It seems likely that characteristics of the cis-trans isomerization,
such as the optimal wavelength of the photon that causes this
isomerization, are in part determined by residues in the vicinity
of the retinal.
We present a simple method to analyse sequence - function relationships of GPCRs. The method searches for correlated mutations in multiple sequence alignments. We used the method to search for residues that determine the optimal wavelength for retinal activation in opsins, and to analyse which residues are important for agonist or antagonist binding in serotonin receptors and adrenoceptors.
To enhance the signal to noise ratio in our analyses we used as many sequences as possible. We thus included sequences from many species. In a few cases the sequence differences between very unrelated species (e.g. mammals and insects) were too large, and the study was restricted to mammals.
Sequences were extracted from the Swissprot database (Bairoch), the PIR database (PIR), the translated GenBank (NCI) and from the GCRDb database (Kolakowsky, 1993). The program WHAT IF (Vriend, 1990) was used for database searches, multiple sequence alignments and correlated mutation analyses. This program is available from one of us (GV) for a minimal fee.
This now creates a problem: in order to do the alignment, we need a profile, and in order to get a profile, we need an alignment. To solve this problem a multiple sequence alignment is made on a subset of the sequences that show high pairwise homologies. From this initial (very easy to perform) alignment a profile is created. This profile is now used to align all sequences of interest. The aligned sequences are sorted according to their similarity to the profile, and a new profile is made from the highest scoring sequences. This process is repeated until all sequences are incorporated. Of course in every iteration more sequences are incorporated than in the previous one. Sequences that show too little similarity with the consensus sequence of the profile were not used because there is no guarantee that they belong in the same structural family. After incorporating all sequences the alignment procedure is iterated a few more steps. In practice, this iterative alignment method has shown to normally converge to a satisfactory solution for multiple sequence alignments in less than 5 cycles, provided enough sequences are available (typically 20-30 sequences are enough).
Figure 2. Example of correlated mutations.

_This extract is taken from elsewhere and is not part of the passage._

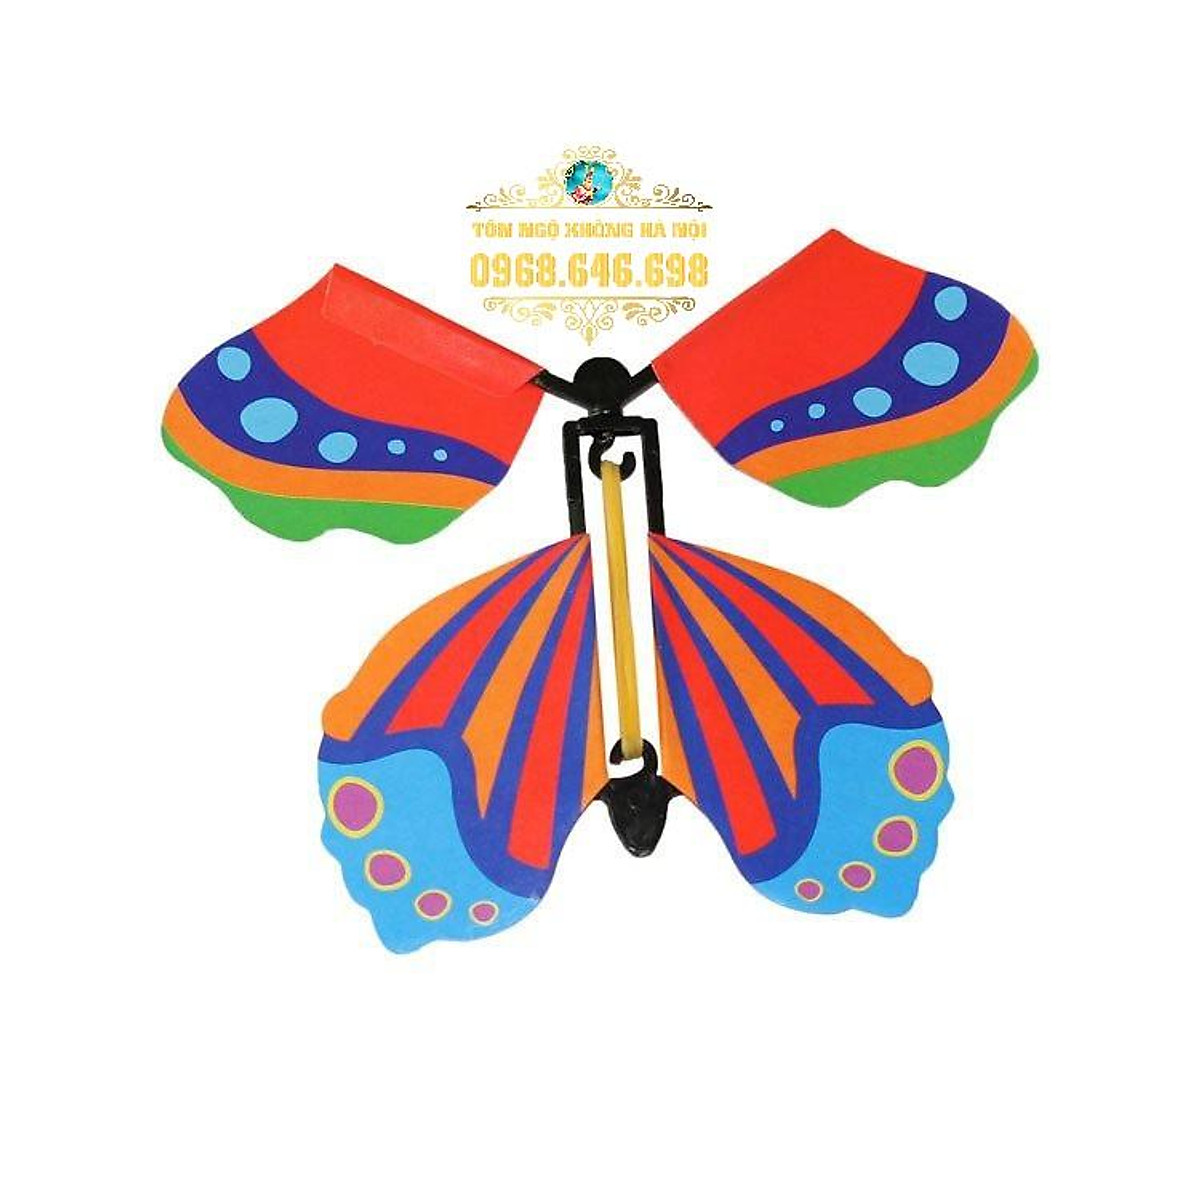 Đồ họa mạng di động Borboleta Thiết kế hình ảnh con bướm  png tải về   Miễn phí trong suốt Bướm png Tải về

Seq. 5 10 Sequence position # | | 1 AAAASSSSTTTT Positions 2 and 3 are compared with this one 2 RRRRPPPPHHHH 66 1.00 All residues correlate perfectly with position 1 3 TTTTGGGGEEED 63 0.95 One residue is not correlated with position 1In this hypothetical multiple sequence alignment, 2 residue positions are compared with the first position. All residue pairs are compared between all pairs of sequence positions, leading to 12*(12-1)/2=66 comparisons. If the residues are either conserved or mutated in both sequences, a score of 1 is given. The correlation between a residue pair is defined as the score divided by the maximal score (66). The sequences are given vertically, aligned residues in these sequences horizontally. So, three sequence positions are given in twelve sequences.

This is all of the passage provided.